Washington Post on A16

Brad De Long delong at econ.Berkeley.EDU
Wed Apr 19 19:55:15 PDT 2000



>Brad De Long wrote:
>
>> Damned if I understand why Sachs signed the Meltzer Report. His beef
>> (and my beef) with the IMF in Mexico and East Asia is that it didn't
>> loan *enough* money and didn't loan it for long *enough* periods of
>> time, and that it required changes in domestic policy on the
>> periphery that were at best irrelevant--for the crisis was made not
>> on the periphery but in the minds of people in Manhattan.
>>
>>
> That's right: For example, the IMF required Korea to open up its
>financial sector to foreign ownership, no?
>
> But why did the IMF attach those conditions? Was it simply misguided
>policy, based on flawed analysis? Or was it that the IMF was advancing the
>interests of what Jagdish Bhaghwati calls the Wall Street-Treasury-IMF
>complex?
>
> This goes to the heart of the debate over whether the IMF should be
>reformed or abolished: Are the Fund's "mistakes" the consequence of
>misguided policy, or of a fundamental conflict between the interests of its
>shareholders and those of the countries it lends to?
>
> Seth

Mistaken analysis--the IMF staff half-believes the line that the possibility that it will provide future loans creates moral hazard, and as a result it wants to make it really painful to a government to draw on IMF resources.
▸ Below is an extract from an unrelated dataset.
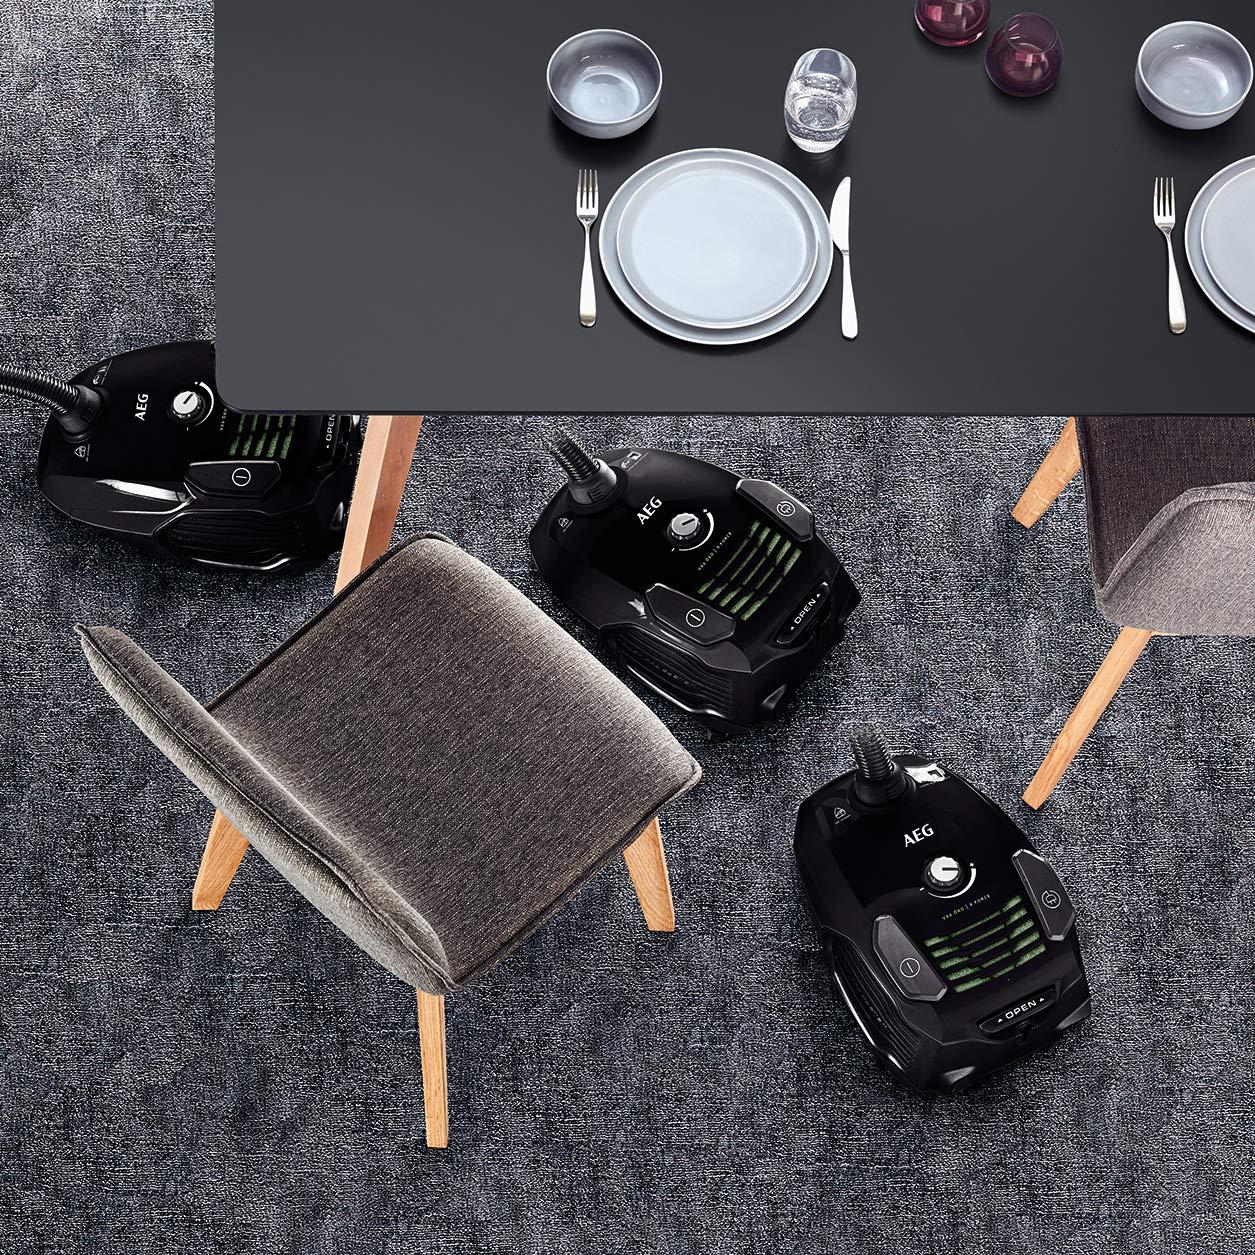 AEG VX6-2-ÖKOX Staubsauger mit Beutel (60% Recyclingmaterial, inkl. Zusatzdüsen, für Hart- und Teppichböden, 9 m…

The first thing to realize is that the IMF's money made Korea's ride through the crisis a lot better than it would otherwise have been: less unemployment, lower domestic interest rates (because the IMF has provided you with more reserves and so you don't have to bid high enough to attract private capital immediately), a faster recovery. Even with the conditions, the fact that the Korean government went for the deal the IMF offered suggests that it was a good deal for Korea--a much better deal than no conditionality and no IMF loan would have been.

Shouldn't the Koreans be allowed to choose whether they want to deal with the IMF or not, rather than having you decide it for them by zeroing it out? If there is such a fundamental conflict between the IMF's policy and the interests of the countries it lends to, why haven't borrowing governments realized it?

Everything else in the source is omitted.